Мне хотелось бы, чтобы меня некоторые помнили, но отнюдь не хвалили; и только при условии, чтобы помнили вместе с моими близкими.

Без памяти о них, о их доброте, о чести – я не хочу, чтобы и меня помнили.

Откуда такое чувство? От чувства вины; и еще от глубокого чистосердечного сознания, что я не был хороший человек. Бог дал мне таланты, но это – другое. Более страшный вопрос: был ли я хороший человек- и решается в отрицательную сторону.

(Луга-Петербург, вагон).

* * *

Два ангела сидят у меня на плечах: ангел смеха и ангел слез. И их вечное пререкание – моя жизнь.

(На Троицком мосту).

* * *

И вот развертываешь эту простыню… Редактор и ртом и всячески нахватал известий… из Абиссинии, Испании, черт знает, откуда еще. Как не лопнет. И куда ему?

– Это я для вашего удовольствия (читателю).

– Спасибо. Своя душа дороже.

(за нумизматикой).

* * *

Говорят, этот господин, прочитавший столько публичных лекций о народном просвещении, разгромивший школу, в которой сам учился, не узнавал своего сына – "Это чей мальчик?" – И когда ему говорили, что это его сын, он патетически кидался обнимать его, но затем через две минуты опять забывал.

"Никак не мог вспомнить"…

Или:

"Что делать, не могу удержать в памяти, кто ты?"

(за нумизматикой).

* * *

"Бранделяс" (на процессе Бутурлина) – это хорошо. Главное, какой звук… есть что-то такое в звуке. Мне более и более кажется, что все литераторы суть "Бранделясы". В звуке этом то хорошо, что он ничего собою не выражает, ничего собою не обозначает. И вот по этому качеству он особенно и приложим к литераторам.

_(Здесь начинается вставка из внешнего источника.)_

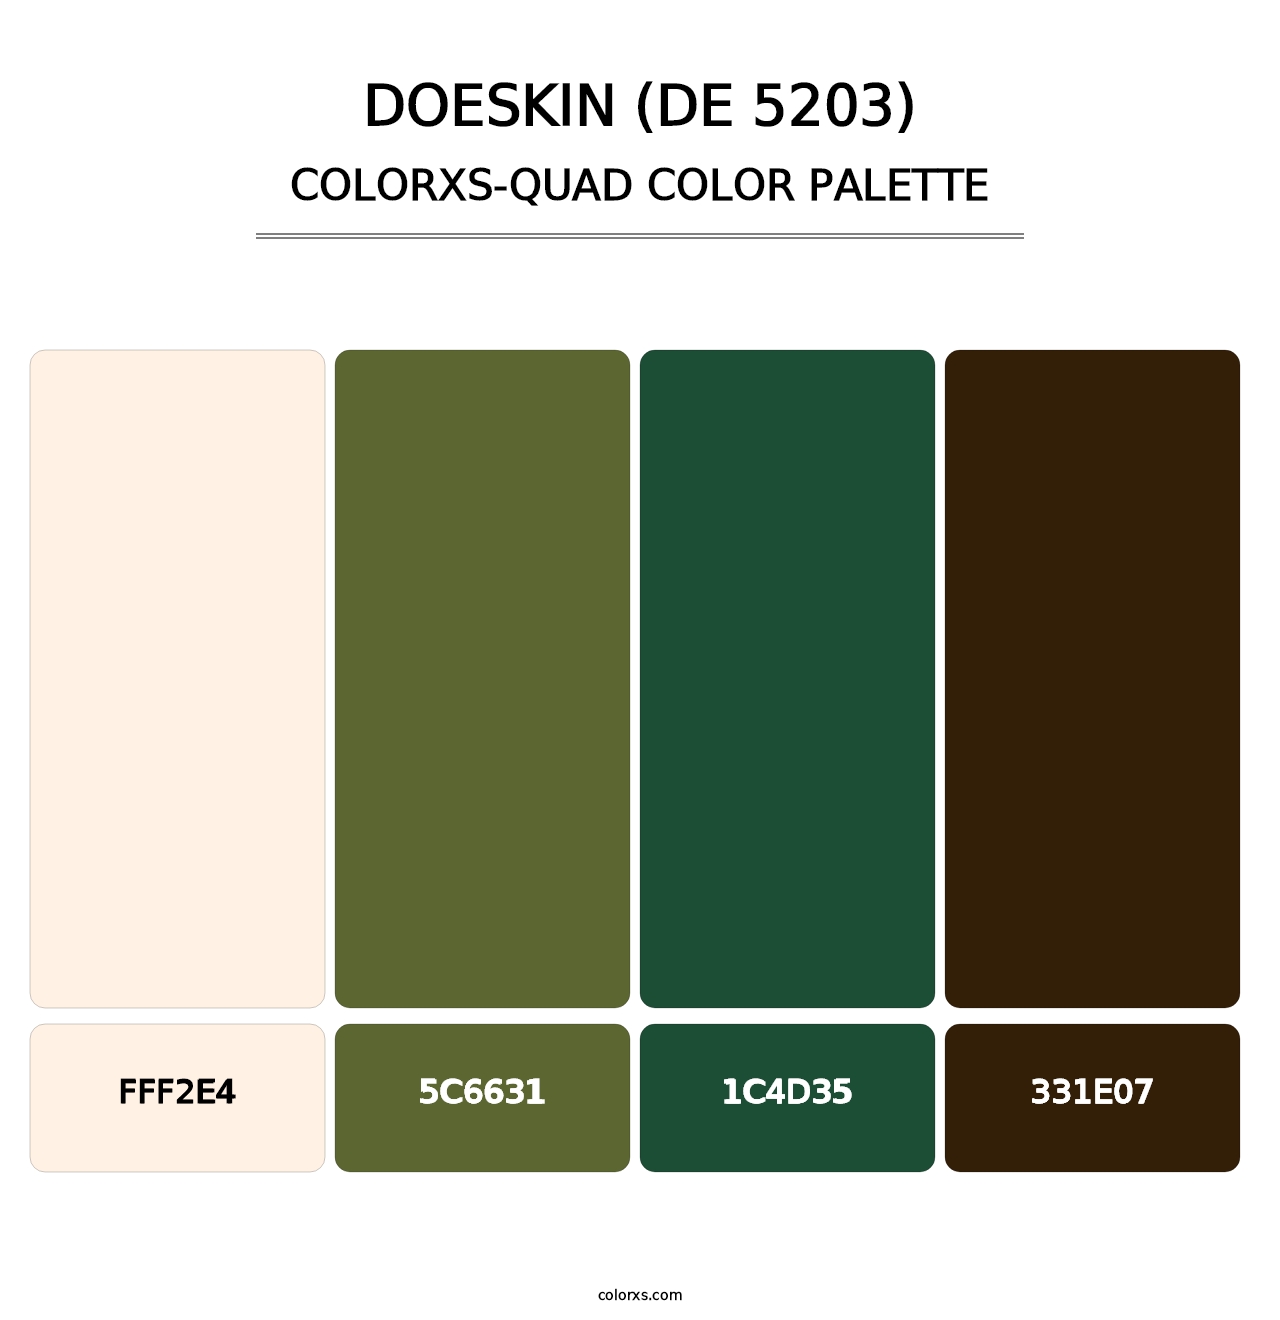 Doeskin (DE 5203) - Colorxs Quad Palette

"После эпохи Меровингов настала эпоха Бранделясов", – скажет будущий Иловайский. Я думаю, это будет хорошо.

(за нумизматикой).

* * *

Литература как орел взлетела в небеса. И падает мертвая. Теперь-то уже совершенно ясно, что она не есть "взыскуемый невидимый град".

(на обороте транспаранта).

* * *

"Час от часу не легче"… Ревекка NN, ставшая бывать теперь у нас в доме, вечер на 3-й, когда я с нею начал говорить о подробностях (мне неизвестных или неясных) миквы, сперва отвечала мне, а потом – с наступившим молчанием – заметила:

– Это название я произношу впервые вслух.

– Миквы?

Она сконфузилась:

– Это же неприличное слово, и в еврейском обществе недопустимо вслух сказать его.

Я взволновался:

– Но ведь миква же – святая?..

– Да, она святая… Так нам внушали… Но ее имя – неприлично, и вслух или при других никогда не произносится…

Но ведь это же "открытие Пифагоровой теоремы": значит, у евреев есть самое это понятие, что "неприличное" и "святое" может совмещаться! совпадать!! быть одним!!!

Ничего подобного, конечно, нет и невозможно у христиан. И отсюда необозримое историческое последствие:

1) у христиан все "неприличное" – и по мере того как "неприличие" увеличивается-уходит в "грех", в "дурное", в "скверну", "гадкое": так что уже само собою и без комментарий, указаний и доказательств, без теории, сфера половой жизни и половых органов, – этот отдел мировой застенчивости, мировой скрываемости, – пала в преисподнюю "исчадия сатанизма", "дьявольщины", в основе же – "ужасной, невыносимой мерзости", "мировой вони".

2) у евреев мысль приучена к тому, что "неприличное" (для речи, глаза и мысли) вовсе не оценивает внутренних качеств вещи, ничего не говорит о содержании ее; так как есть одно, вечно "под руками", всем известное, ритуальное, еженедельное, что, будучи "верхом неприличия" в названии, никогда вслух не произносясь, – в то же время "свято".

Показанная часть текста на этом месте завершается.